Mohamed Salah will lead Liverpool into their final Premier League game at Anfield on Sunday needing one point to be assured of Champions League qualification.
That margin is thin and almost complete: Sports Illustrated reports that "Opta give the Reds a 99.51% chance of securing qualification come Sunday’s final whistle." Liverpool squandered a clear opportunity to lock it up in a defeat to Aston Villa last time out and now carry that miss into a fixture that should, on paper, be routine.
Liverpool completed final preparations at the AXA Training Centre on Saturday, and the Liverpool Echo writers included lineups that started Mohamed Salah and Andy Robertson, both of whom are expected to make their final Liverpool appearances against Brentford. For the players named, the match will be played with more than league points on the line: it is framed as a farewell at Anfield.
Context matters: Liverpool have not yet officially secured Champions League qualification for the 2026/27 term, so the one point remains decisive. Brentford arrive sitting eighth and can finish in either a Europa League or a Conference League position depending on results elsewhere, which means their season still carries stakes beyond pride.

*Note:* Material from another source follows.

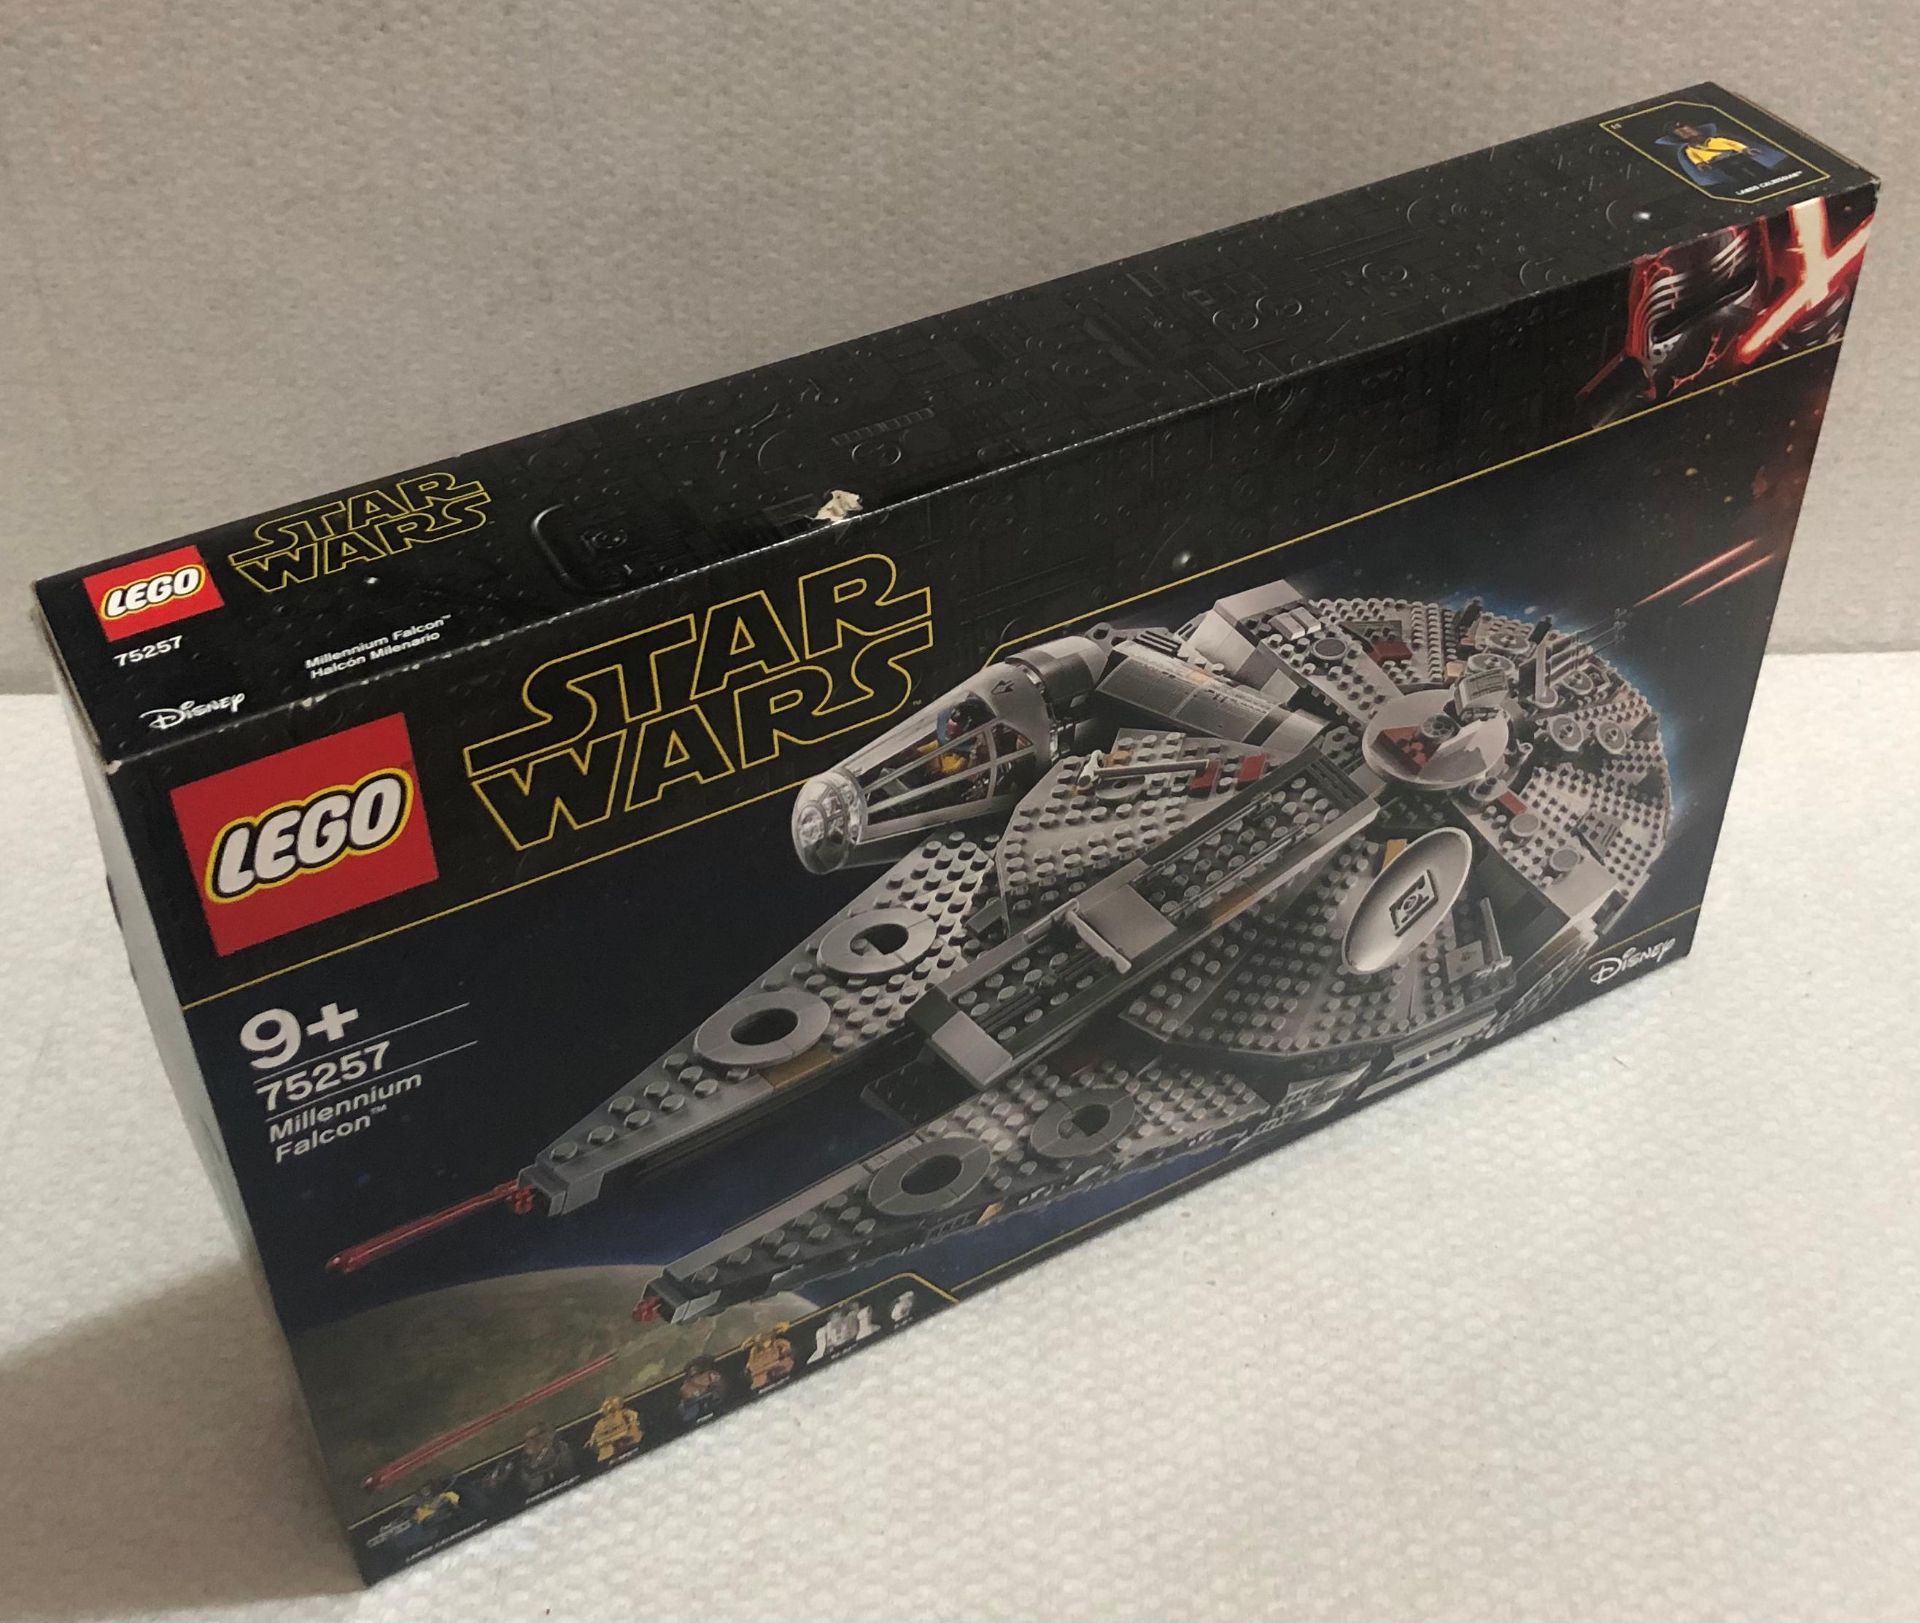 1 x Lego Star Wars Millenium Falcon - Model 75257 - New/Boxed - Image 3 of 4

Form and narrative create tension. Liverpool enter the match after two defeats and a draw against Manchester United, Chelsea and Aston Villa, and that stretch is exactly why a statistical near-certainty still feels fragile. The team must produce a result in front of a crowd expecting farewells rather than a rout; the emotion of likely final appearances for Salah and Robertson could lift the side or complicate an already pressured afternoon.

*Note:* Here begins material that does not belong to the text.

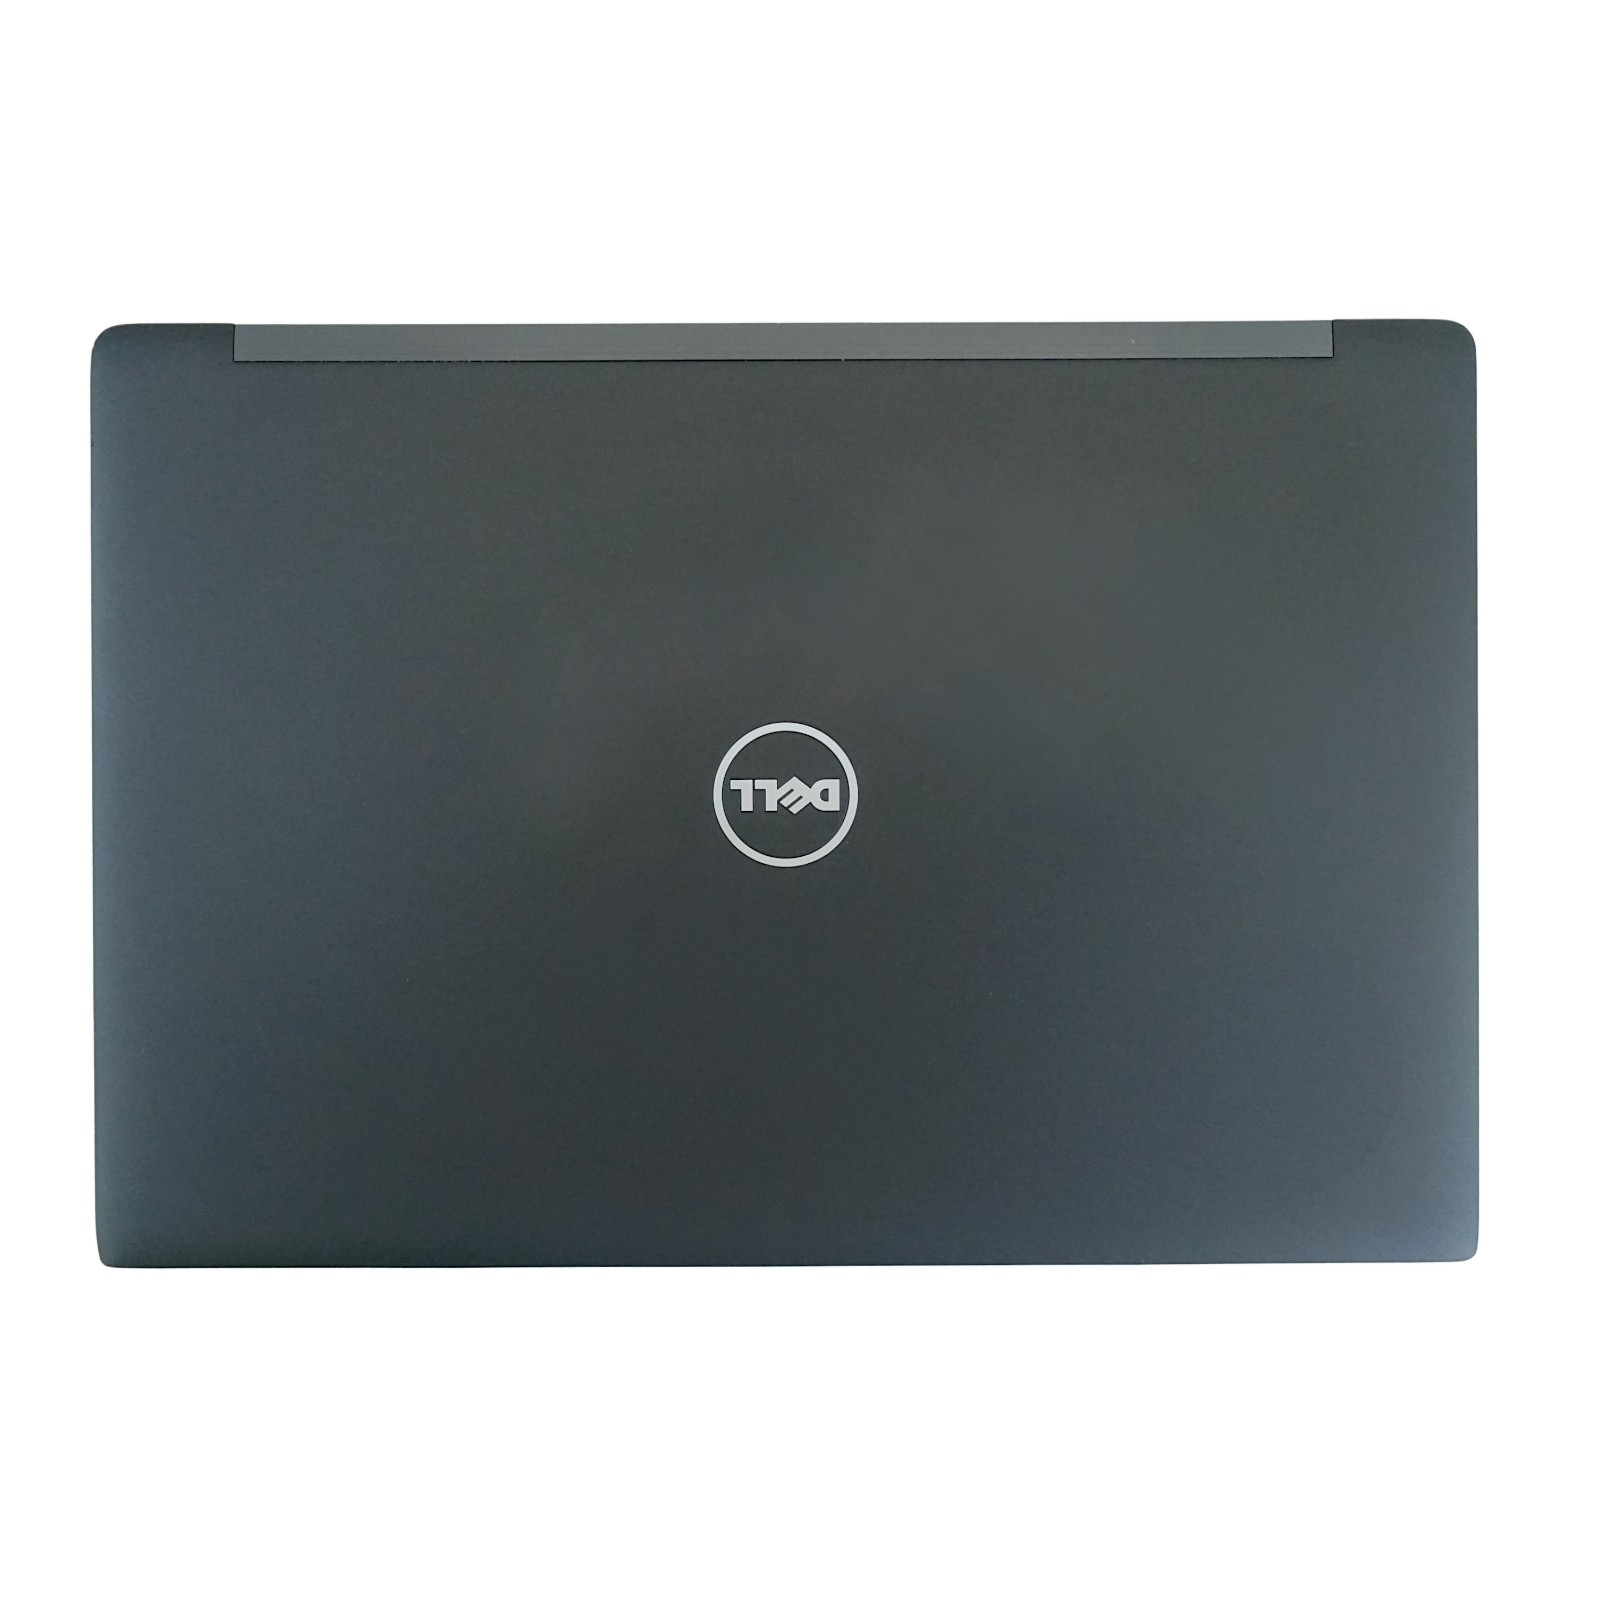 Dell Latitude 7280 12 Inch Laptop (US Keyboard) | Configure To Order

For anyone making a liverpool vs brentford prediction, the math and the board point one way: avoid defeat. One point secures what Liverpool need. Opta’s 99.51% figure, quoted by Sports Illustrated, turns a nervous scenario into a forecast with overwhelming probability — but it is a forecast, not a certificate, and Liverpool’s recent slip against Aston Villa is the live reminder why probability does not equal inevitability.

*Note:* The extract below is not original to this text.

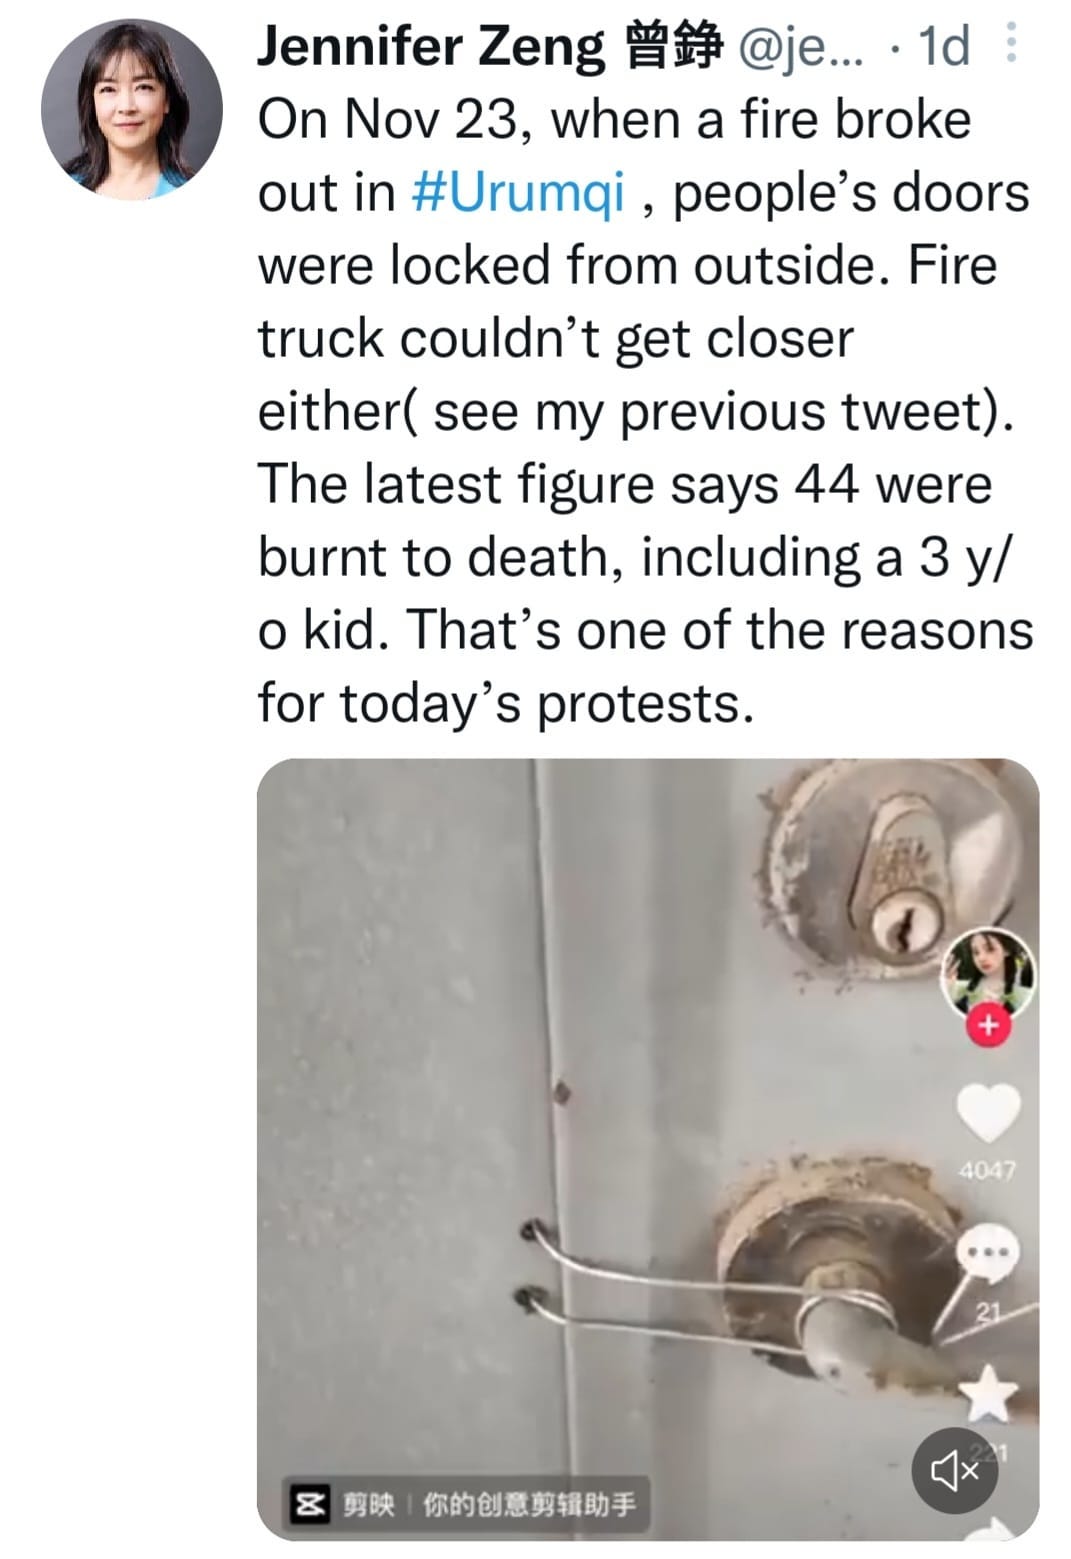 May be an image of 1 person and text that says 'Jennifer Zeng 曾錄 @je... .1d On Nov 23, when a fire broke out in #Urumi people's doors were locked from outside. Fire truck couldn't get closer either( see my previous tweet) The latest figure says 44 were burnt to death, including a 3 y/ o kid. That's one of the reasons for today protests. 4047 8剪映 剪映 你的创意剪辑助手'

Brentford’s finish is more fluid. Sitting eighth, they can still climb into Europa League contention or fall into a Conference League place depending on other results; their incentive is clear even if Liverpool’s objective is simpler. The match will therefore hinge on whether Liverpool can steady themselves after a run that produced two defeats and a draw and translate the emotion of a possible farewell into the focused play needed to take one point.
Mohamed Salah walking off Anfield at full time with at least one point secured would turn Sunday into a party that is also a qualification: a tidy, earned capstone to a turbulent run. The facts point to Liverpool getting what they need; the simplest, most consequential thing that must happen is also the plainest — they must not lose.